Yasuda Trust & Banking will provide more than $67 million to cover $56.5 million for construction and $10.1 million to pay off a bond-financed, 850-space garage built in 1985 across the street as part of the project, Stitzel said.

In the prospectus, Stitzel asked that the new partner provide $8 million to Pasadena Preservation Associates to pay back all money spent on the project so far and an additional $5 million upon completion of construction. But the agreement struck with Trela was an improvement over the prospectus request, he said.

Advertisement

Meanwhile, Stitzel continues to work on other aspects of the project. The developer is obtaining a $6.9-million completion bond required by the city of his general contractor, Peck-Jones Construction/Plant Builders. City directors required this second guarantee to cover the project’s first phase, construction of a multiscreen, AMC movie theater and shops.

Although the Board of Directors gave preliminary approval to the bond last month, Stitzel still must find a surety company to issue the bond, said Rood.

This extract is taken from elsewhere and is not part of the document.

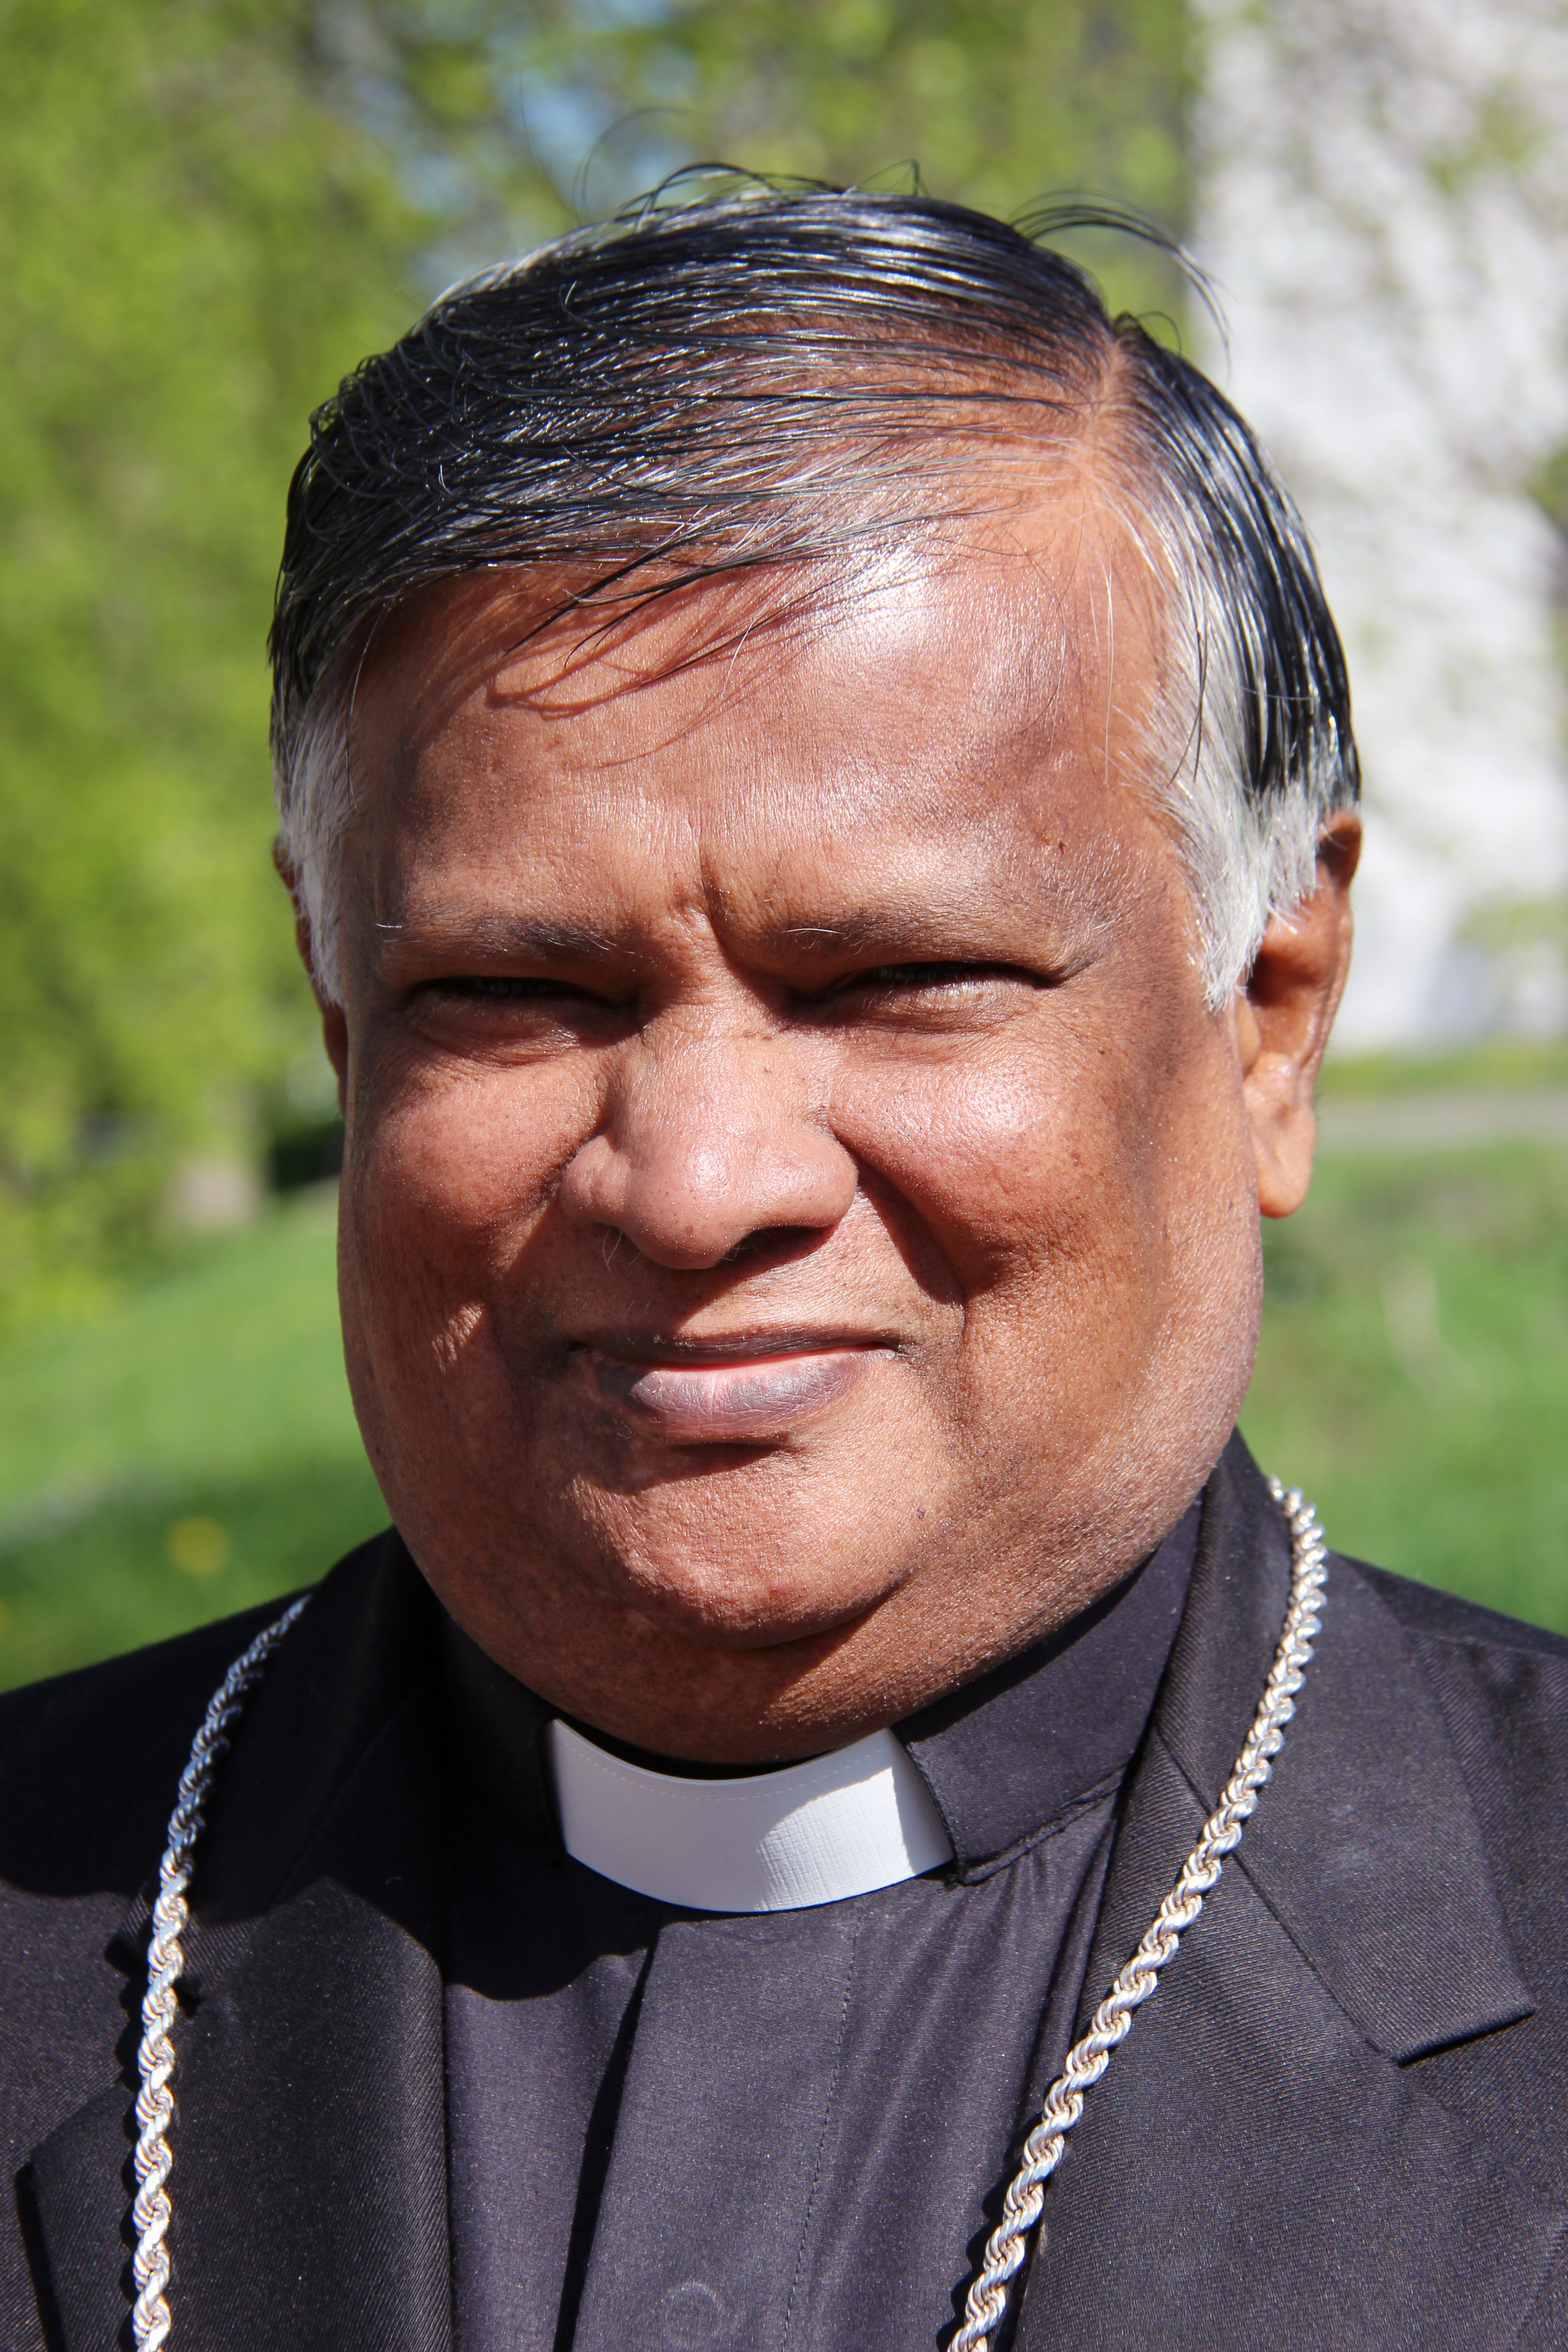 Preocupa a obispo de India la creciente ola de ataques por grupos hindúes fundamentalistas

Stitzel also is negotiating with companies that would lease up to 50% of the 260,000-square-foot project, he said. Although Stitzel declined to identify his possible tenants, the prospectus listed possible tenants such as Polo, Conran’s, Nature Co., Crate and Barrel and Eddie Bauer.

Finally, bulldozers will probably began rumbling onto the site to begin construction in June. Despite the hoopla of a March 19 groundbreaking, Stitzel won’t be submitting building permits for another month, Rood said. The delay occurred because the groundbreaking had been set far in advance and he expected to have his permits by then, Stitzel said.

“In another city, it wouldn’t even have been noticed,” Stitzel said, “but this project is so under the public eye because it’s been stalled for so long.”